The difference between the two designs is the relation between Item and Treatment. In design (1), Item is nested within Treatment. As illustrated in …, this means that a particular item either appear under treatment A or treatment B. This is illustrated in Figure 5.7: While subjects (the rows) respond to both treatment A and B, items are separated by treatment. Items 1-4 appear with treatment A, item 5-8 with treatment B. Such a data layout is typical for situations where the factor of interest is an attribute of items (e.g. word class, concreteness, animacy, frequency class, etc.). Note how Subject is crossed with Treatment: Each row cuts across both treatments.

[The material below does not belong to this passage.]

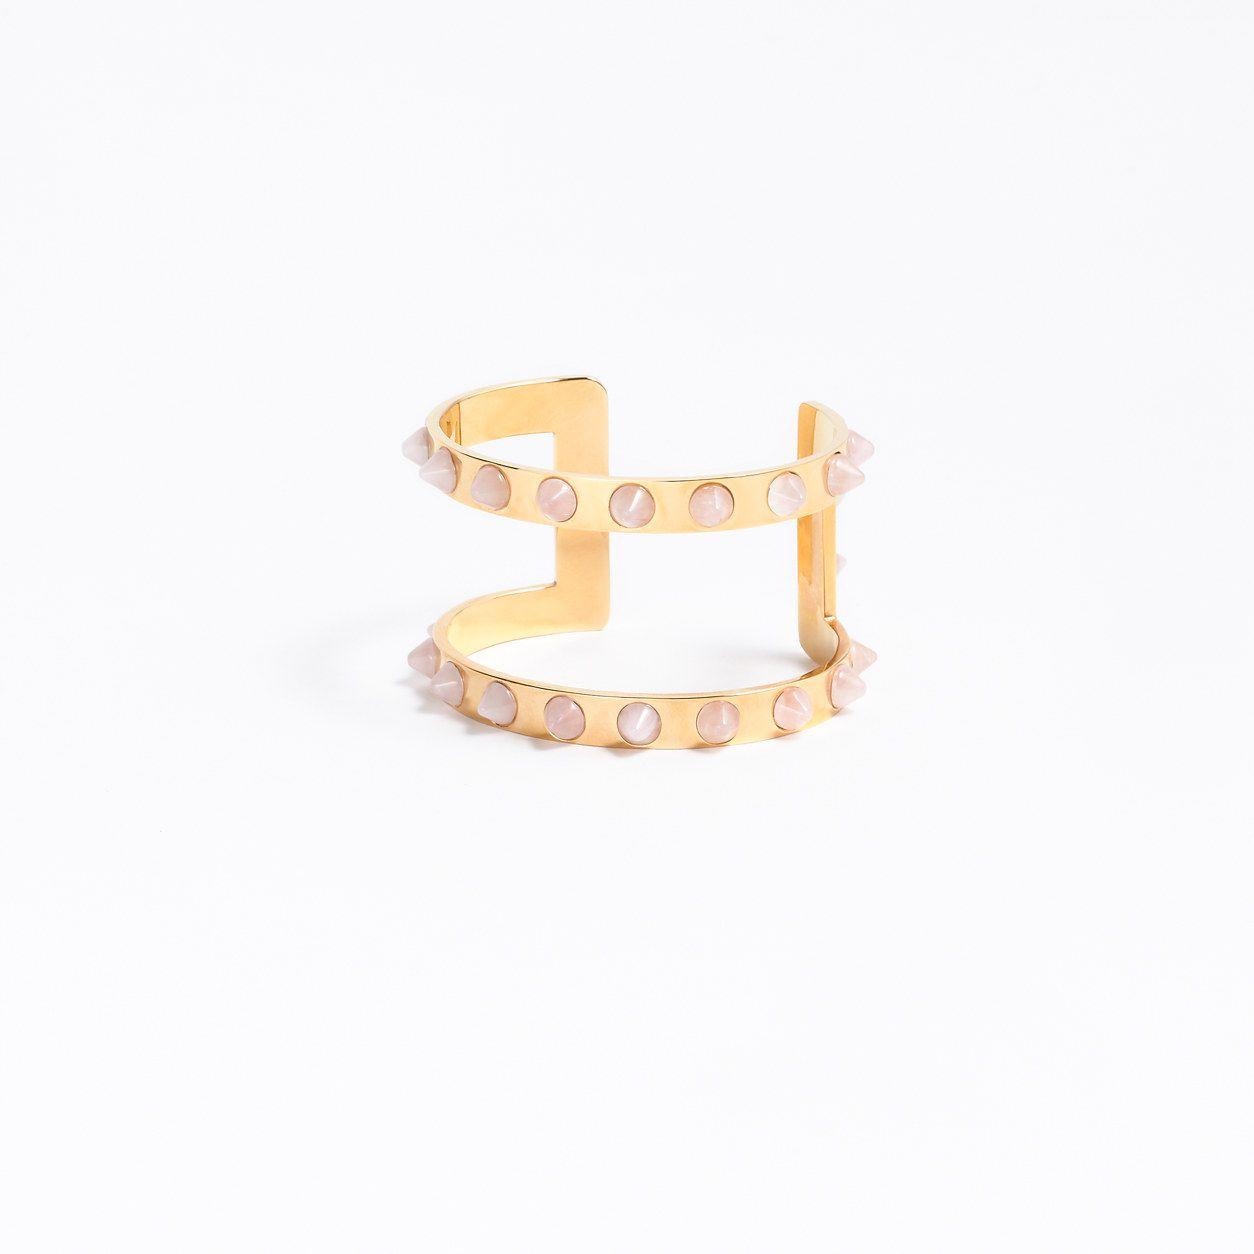 Contoured spike cuff : Jewelry Shop | J.Crew

Figure 5.7: Factor diagram for design 1, where Item is nested under Treatment

In design (2), on the other hand, Item is crossed with Treatment. This means that each item appears with both treatment A and treatment B. This data layout is shown in Figure 5.8. In this design, then, Treatment is both a within-subject as well as a within-item variable.

Figure 5.8: Factor diagram for design 2, where Item and Treatment are crossed.

For illustration, we draw on constructed data sets from Raaijmakers, Schrijnemakers, and Gremmen (1999, Table 2, p. 418) for design (1) and Raaijmakers (2003, Table 6, p. 148) for design (2).

Data description

5.5.1.2 The conceptual form of analysis

The discussion began in the domain of psycholinguistics, with a paper by Coleman (1964). This paper concerned psycholinguistic experimentation, where subjects responded to a set of items (“stimuli” or “materials”), and treatment factor varied within item. Coleman (1964) noted that psycholinguistic work in those days only consider generalizability of findings across subjects, but never considered the question of generalizability across items. He rightly argued that statistical inferences then only extend to the set of items used in the experiment. However, he arguably went too far when stating that “investigations of verbal behavior are scientifically pointless if their conclusions have to be restricted to the specific materials used in the experiment” (Coleman 1964, 19). Two aspects are critical here. First, in this area of research (psycholinguistic experimentation), generalization across items may indeed be the intention of the researcher. Further, Coleman (1964, 222–23) talks about situations where items “logically represent a sampling variable”.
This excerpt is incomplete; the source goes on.